In respect of permuting and transposing, you’re definitely right. I wanted to exactly prepare the same shape as the torch example for the embedding layer. (I had thought that it might be the problem)
However, having said that, I don’t know what is wrong. One more thing, I have a varied size of sentences so I used pad sequences to fix the size of each input (It was the same thing as previous papers). I couldn’t use pack_padded due to network producing higher Loss. perhaps it’s because of the differences in the length of two sentences as one input each time.

pourya_farzi · August 17, 2020, 8:45am

Hi again Chris,
First of all, thanks a bunch for your tips.

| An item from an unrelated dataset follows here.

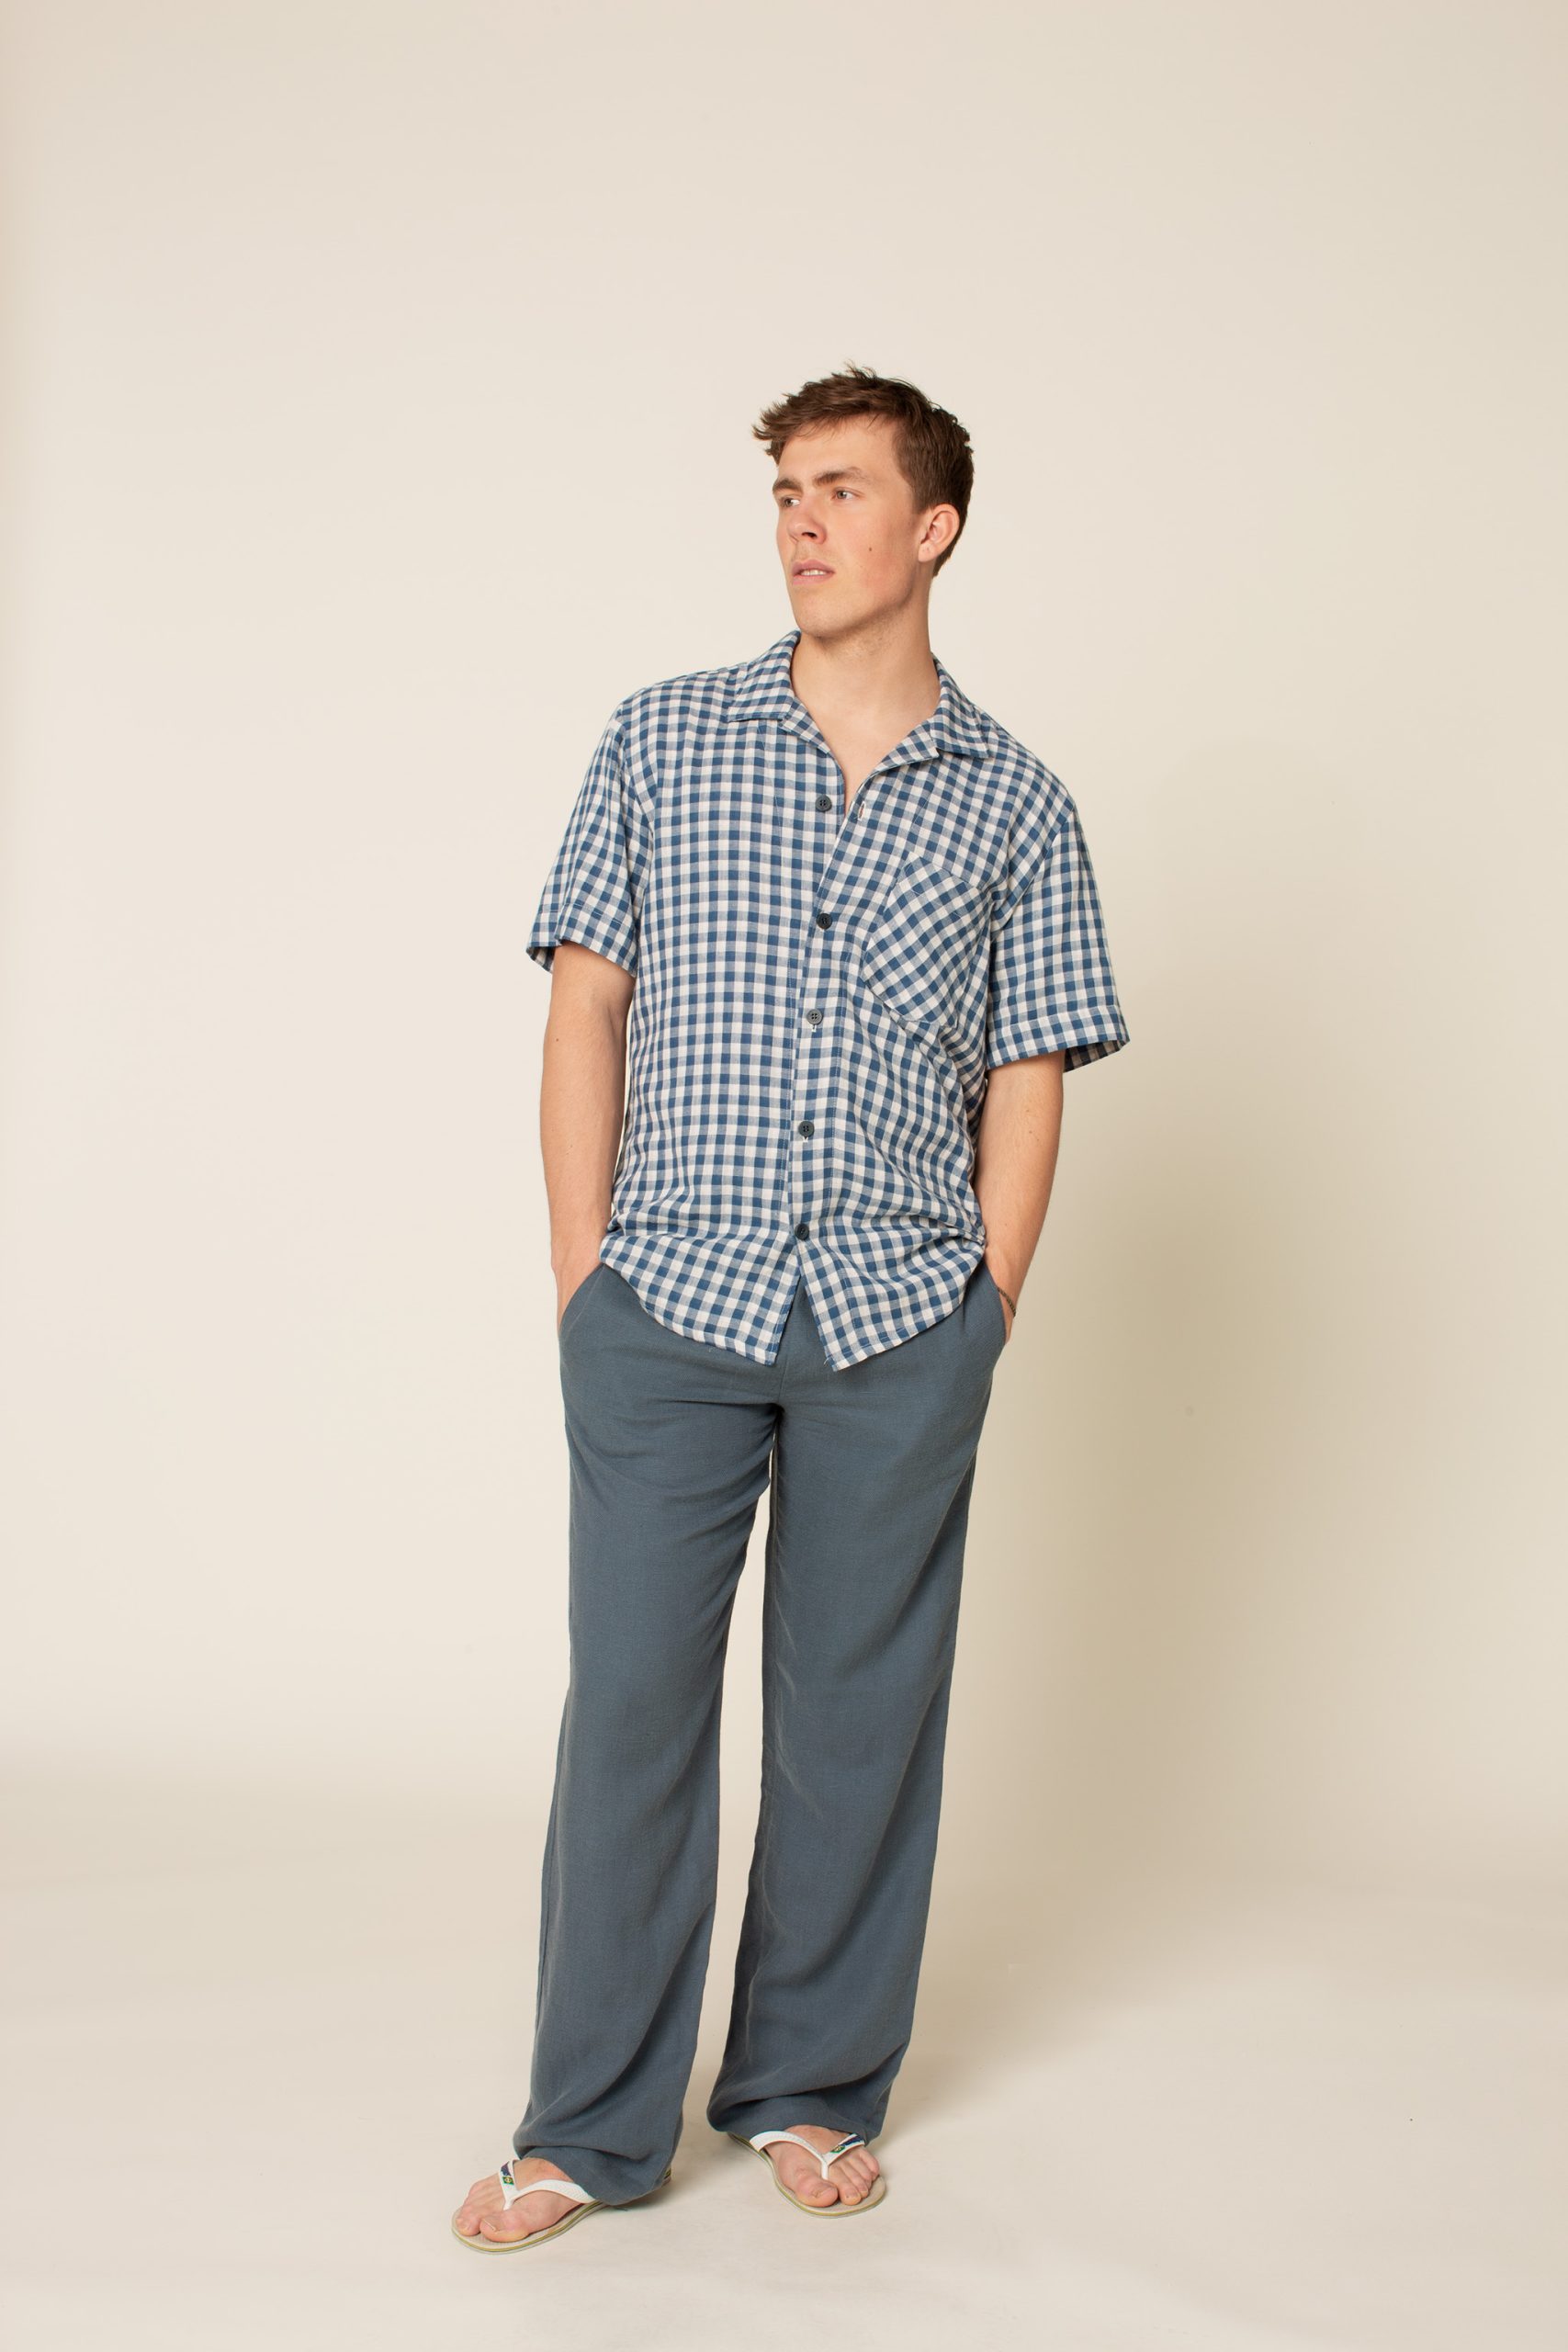 Wardrobe by Me Men's Loose Linen Pants - The Fold Line

As for your first hint, I used nn.Conv2d since I decided to add more channels for the next test.
OMG, it’s a typo. EXPAND method was just a trial, I shouldn’t have sent it.
Yeah, you are right. and also batch_first=True.
In respect of permuting and transposing, you’re definitely right. I wanted to exactly prepare the same shape as the torch example for the embedding layer . (I had thought that it might be the problem)
However, having said that, I don’t know what is wrong. One more thing, I have a varied size of sentences so I used pad sequences to fix the size of each input (It was the same thing as previous papers). I couldn’t use pack_padded due to network producing higher Loss. perhaps it’s because of the differences in the length of two sentences as one input each time.

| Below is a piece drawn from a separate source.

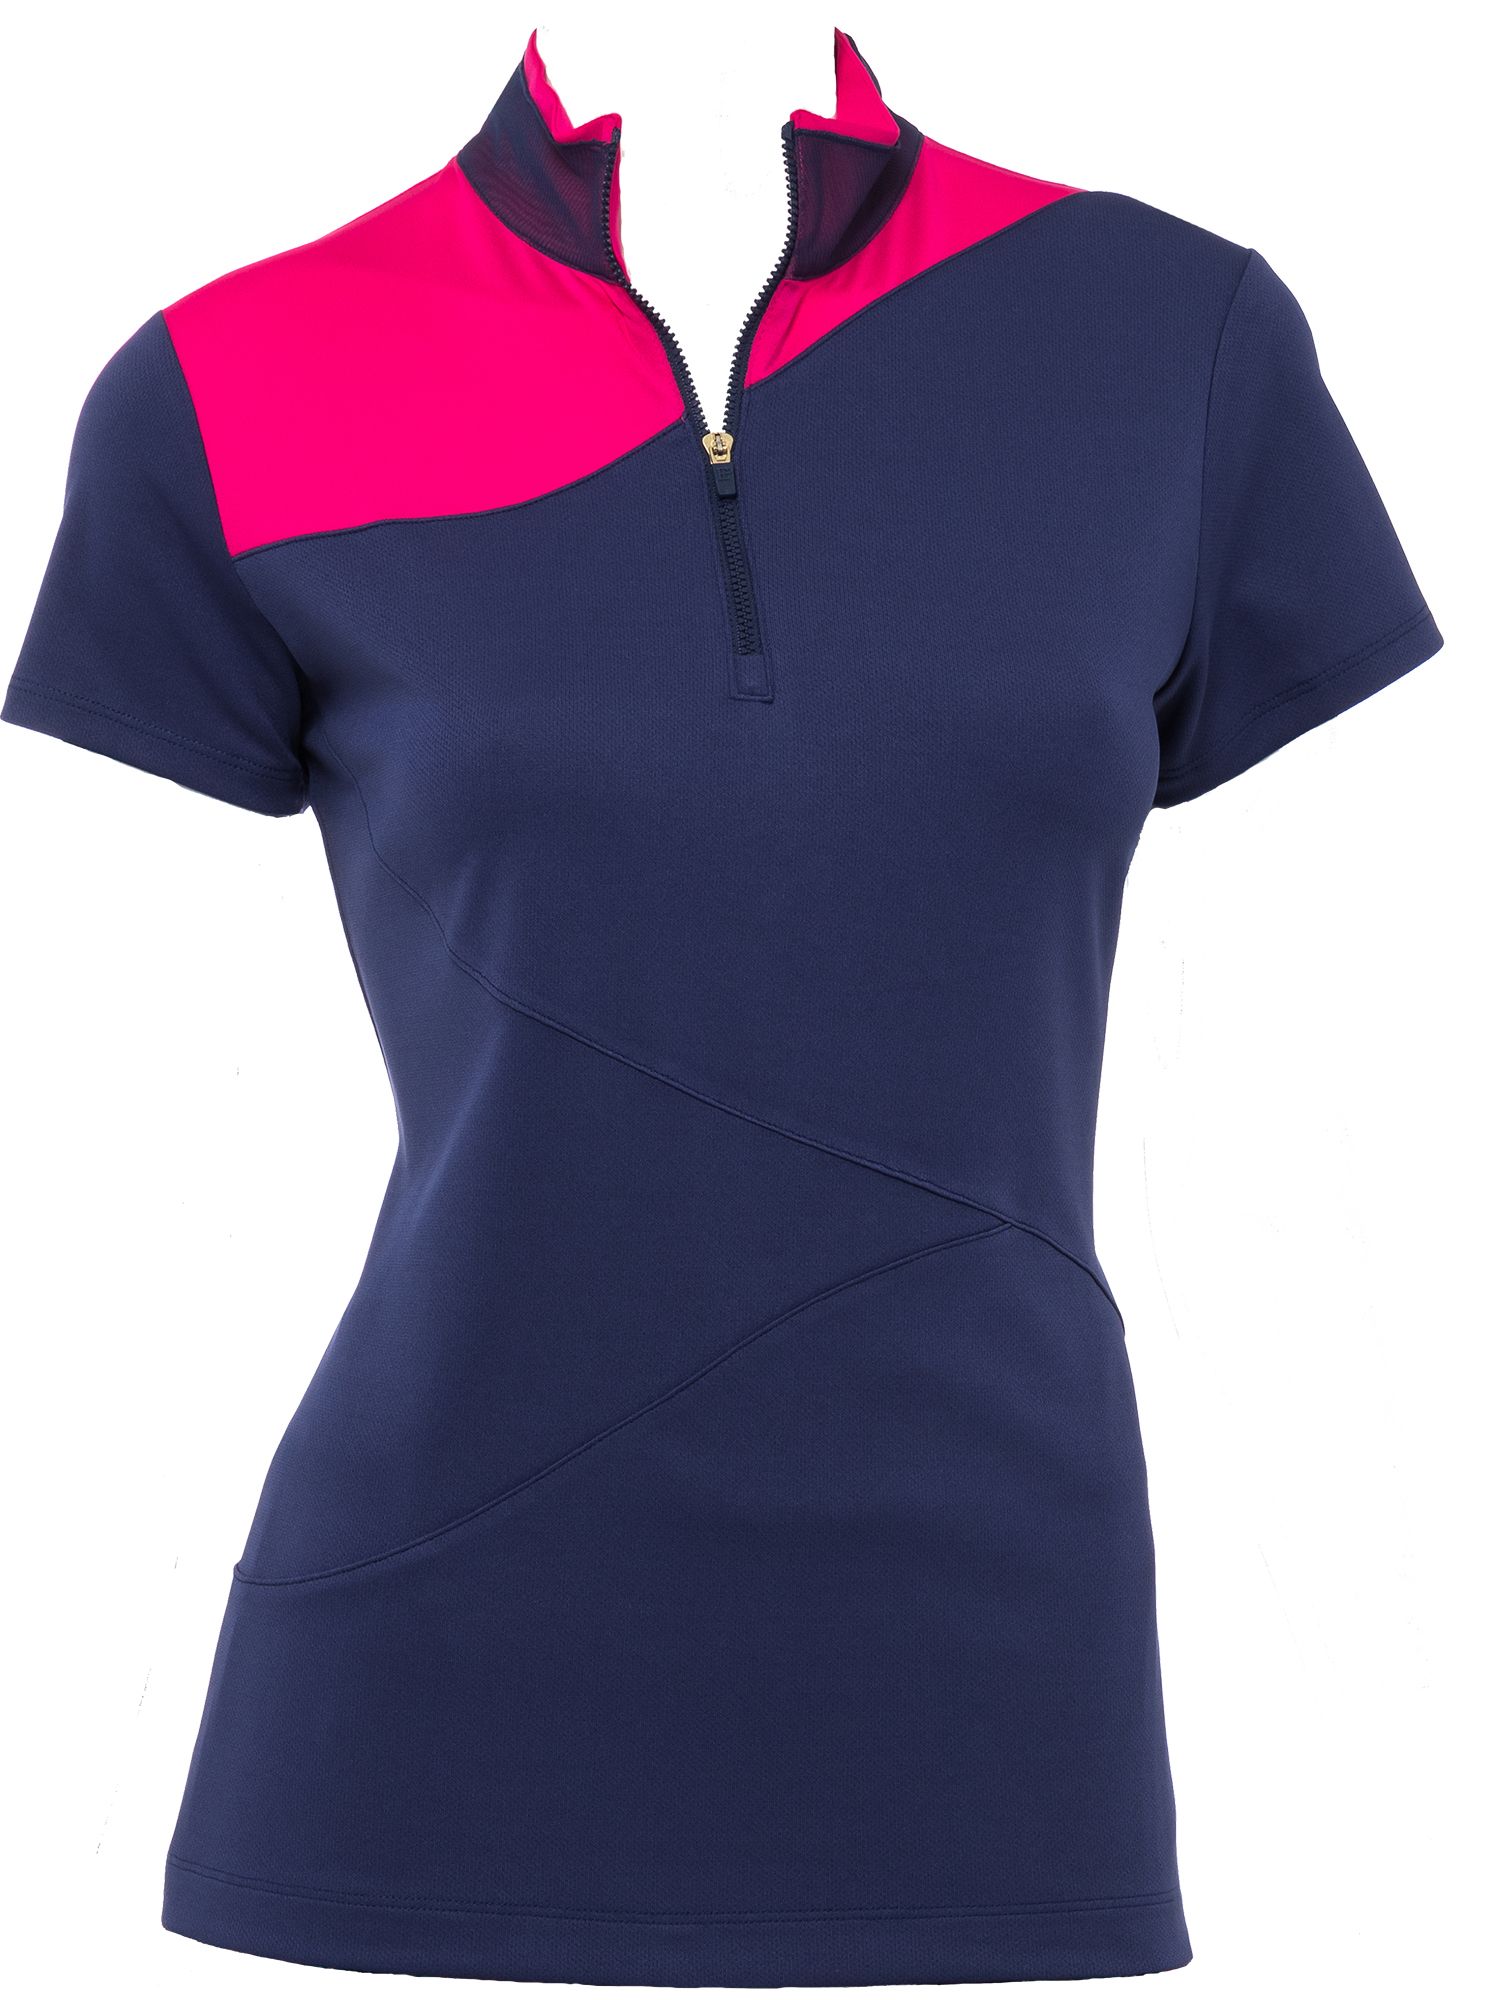 women's cap sleeve polo shirt

pourya_farzi · August 17, 2020, 8:55am

Hi, Thanks a million for your help.
I checked it and a part of my result is like this.

    'rnnB.weight_hh_l0':
        '[[ 0.04917971  0.06434657 -0.09789566 ... -0.08545043  0.06401704\n  '
        '-0.0960645 ]\n [ 0.04035911  0.03888848  0.00772235 ...  0.01090766  '
        '0.07309137\n   0.0360844 ]\n [-0.06821513  0.04650425  0.00499327 '
        '...  0.03282529  0.07157829\n  -0.0139528 ]\n ...\n [-0.0370195  '
        '-0.09515273  0.00834717 ... -0.07280935 -0.07355522\n   0.03910803]\n '
        '[-0.05833184  0.0991596   0.02914995 ... -0.06485003 -0.08581042\n   '
        '0.08041064]\n [ 0.05045321 -0.01596119  0.08300199 ...  0.05857178  '
        '0.06642925\n   0.059383  ]]<no grad>',

And after a while, this appeared.
RuntimeError: Boolean value of Tensor with more than one value is ambiguous.
I don’t know why that happens and which boolean it does mean.

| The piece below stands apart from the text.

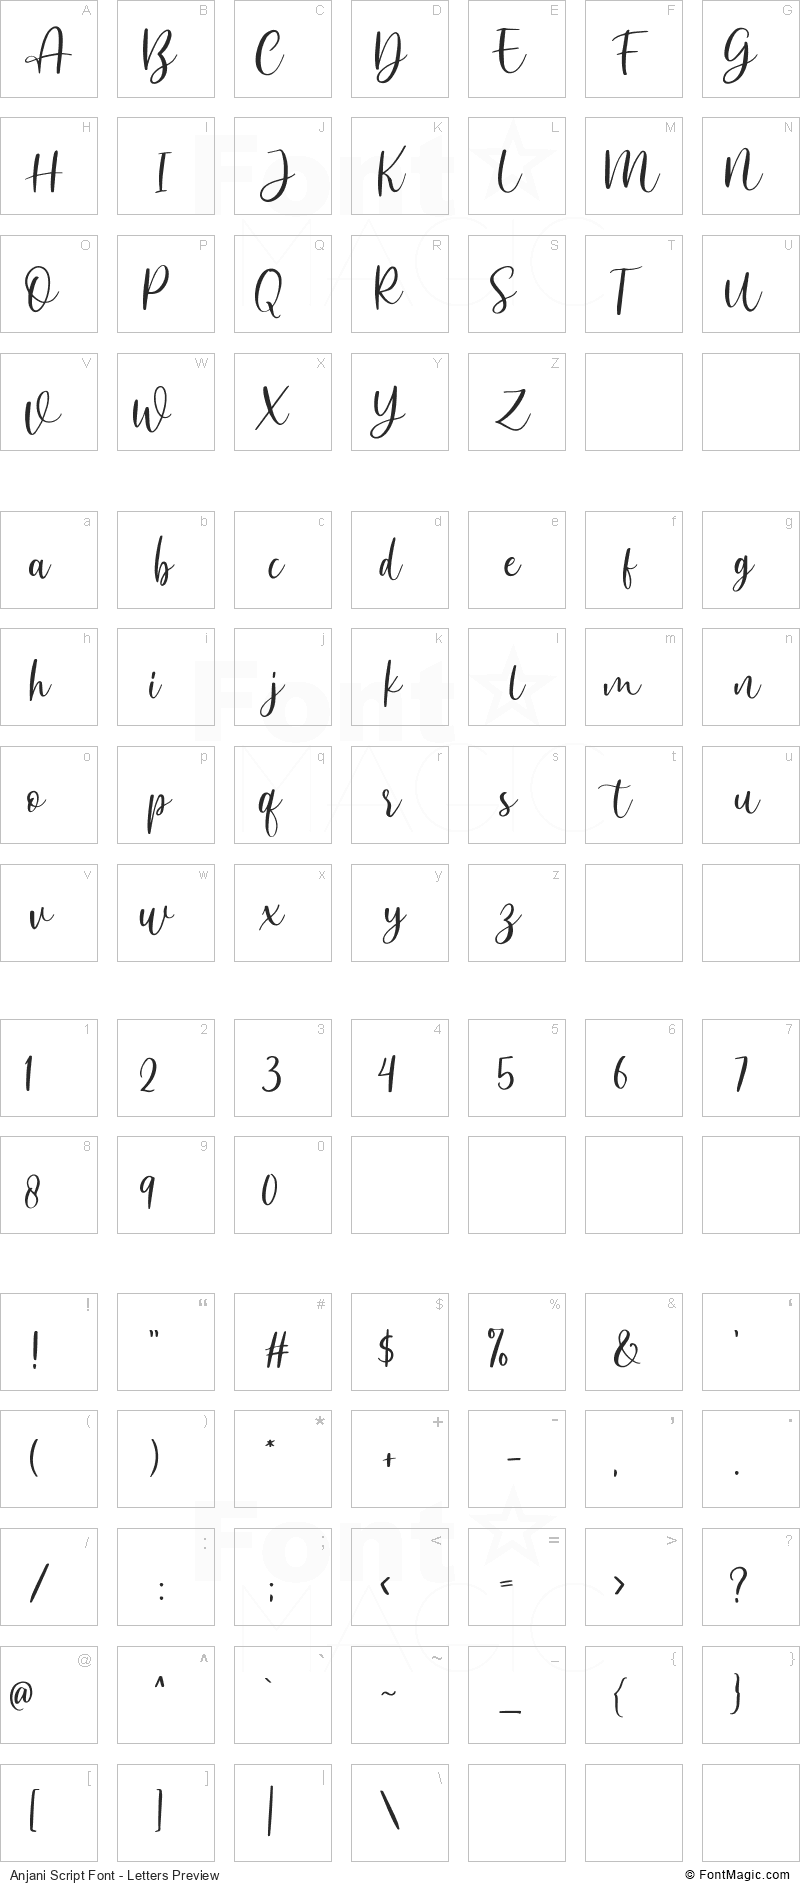 Anjani Script Font - All Latters Preview Chart

vdw · August 17, 2020, 9:06am

The choice of the type of convolution layer does not depend on the number of channels. Can you post the definitions of sefl.convA1 and self.convB1?

Sorry, I don’t know what this RuntimeError means.

pourya_farzi · August 17, 2020, 9:43am

Great!
Here it is :

self.convA1 = nn.Conv2d(1, 1, kernel_size=(5,100), padding=(2,0))

self.convB1 = nn.Conv2d(1, 1, kernel_size=(5,100), padding=(2,0))

padding is (2,0) for maintaining the height. Besides, each time I considered five rows(words). I’ve changed the shape of it for example (2,100), (28,1),… and even symmetric forms (5,5), … . I wanna check another dataset, simpler than what I have now. Any suggestion is welcomed.

vdw · August 17, 2020, 10:22am

OK, that was I was looking for. If you use nn.Conv2d over sentences, e.g., sequences of word vectors, then there are constraints on the kernel size: if your embedding vectors have as size of embed_size, then kernel_size=(x,embed_size) where x is the only value you can adjust. The issue is that it makes no semantic sense to convolve over the embedding dimension; see this older post of mine.

So if your 100 is the size of your embedding vectors, then kernel_size=(5,100) is valid while kernel_size=(5,5) is not.

By the way, what happens when you give the embeddings directly to the RNN(s), thus skipping the CNN part. I can’t intuitively tell what the CNN layer(s) are suppose to do.